Let $n\in\mathbb{N}$. The function $f:[a,b]\rightarrow \mathbb{R}$ is n-times differentiable. Let $x_1,...,x_{n+1} \in [a,b]$ with $x_1<...<x_{n+1}$ and $f(x_i)=0$ for all $1\leq i \leq n+1$.
Prove that there exists a $x_0 \in (a,b)$ for which $f^{(n)}(x_0)=0$ is.
Here's what I've came up with so far:
We are finished if $f(x)= \hat{0}$. Therefore, let $f(x) \neq \hat{0}$. Because $f(x_i)=0$, $i \in \{1,...,n+1\}$, there exists a $U_{\delta}(x_i)$, for which all $x_j\in U_{\delta}(x_i)$, $j \in [a,b]$ and $j\neq i$ are either $j>0$ or $j<0$.
Let $x_0 \in [a,b]$.
Then: $f(x_0) \geq 0$ or $f(x_0) \leq 0$.
If $x_i$ are the local Maxima or Minima and $f^{(1)}(x_i)=...=f^{(n)}(x_i)=0$, we make $f^{(n+1)}(x_i)$ and check for the criteria of local Maxima and Minima and put $x_0 = x_i$.

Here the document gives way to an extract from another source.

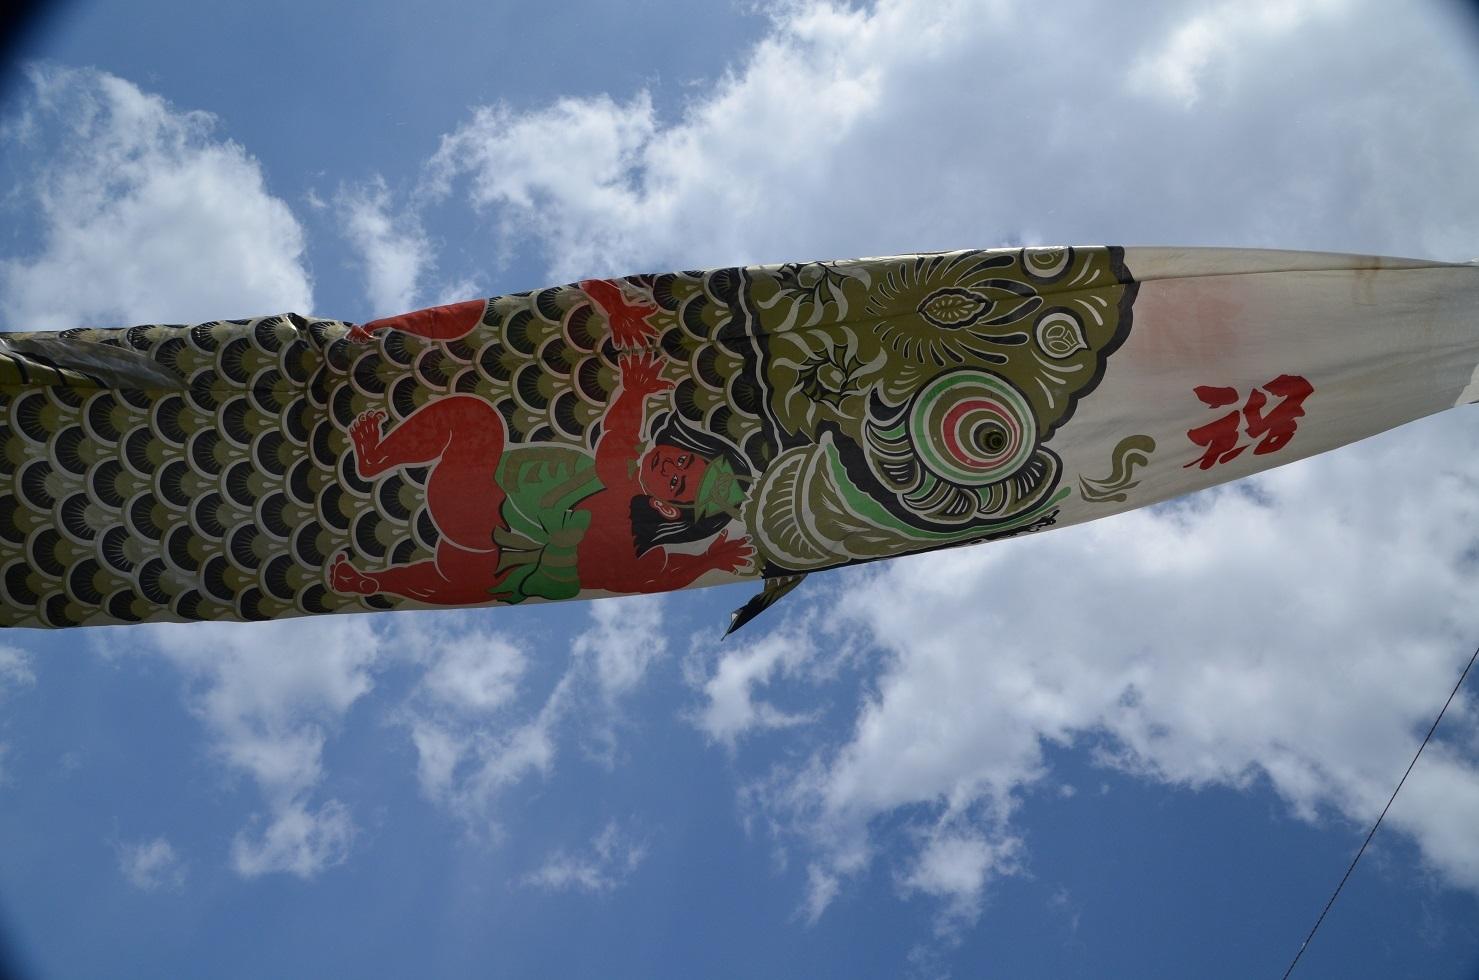 DSC_0338金太郎の鯉のぼり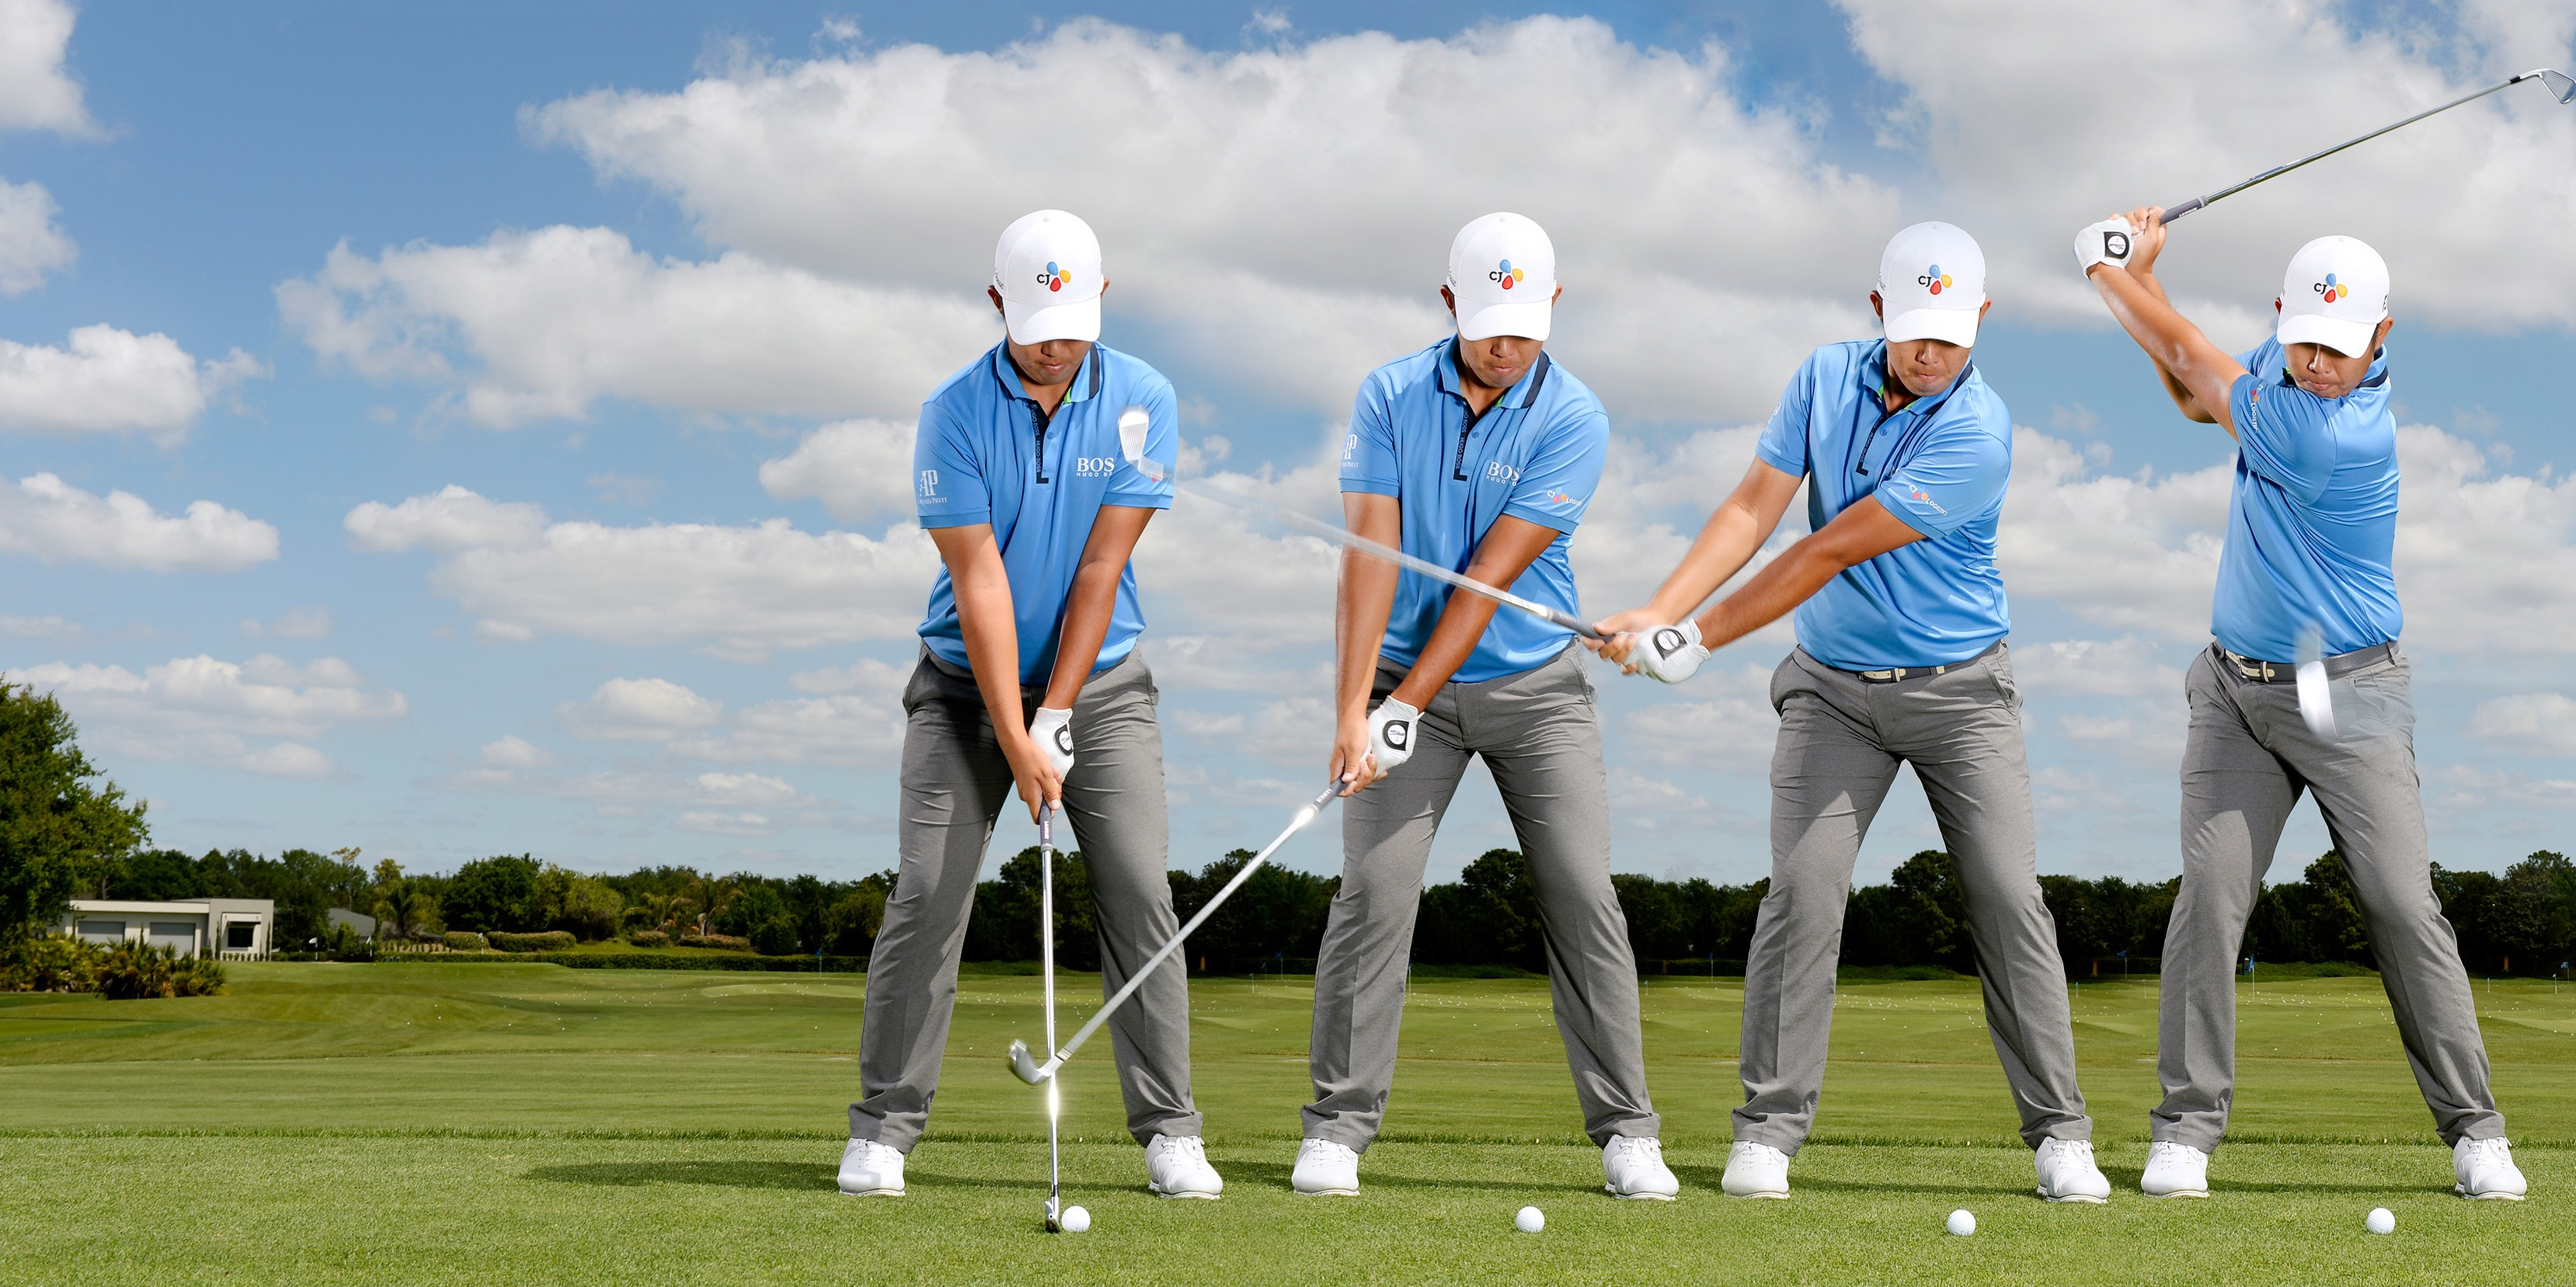 kỹ-thuật-swing-bong-ocean-golf2.jpg

Are $x_i$ no local extrema, then $x_0$ has to be between the zeros of $f(x)$ and there exists a $x_0$ which $f^{(1)}(x_0)=...=f^{(n)}(x_0)=0$.
Now , I know this prove has lots of potential for improvement, but I would like some feedback as I am quite new to Proves and want to improve.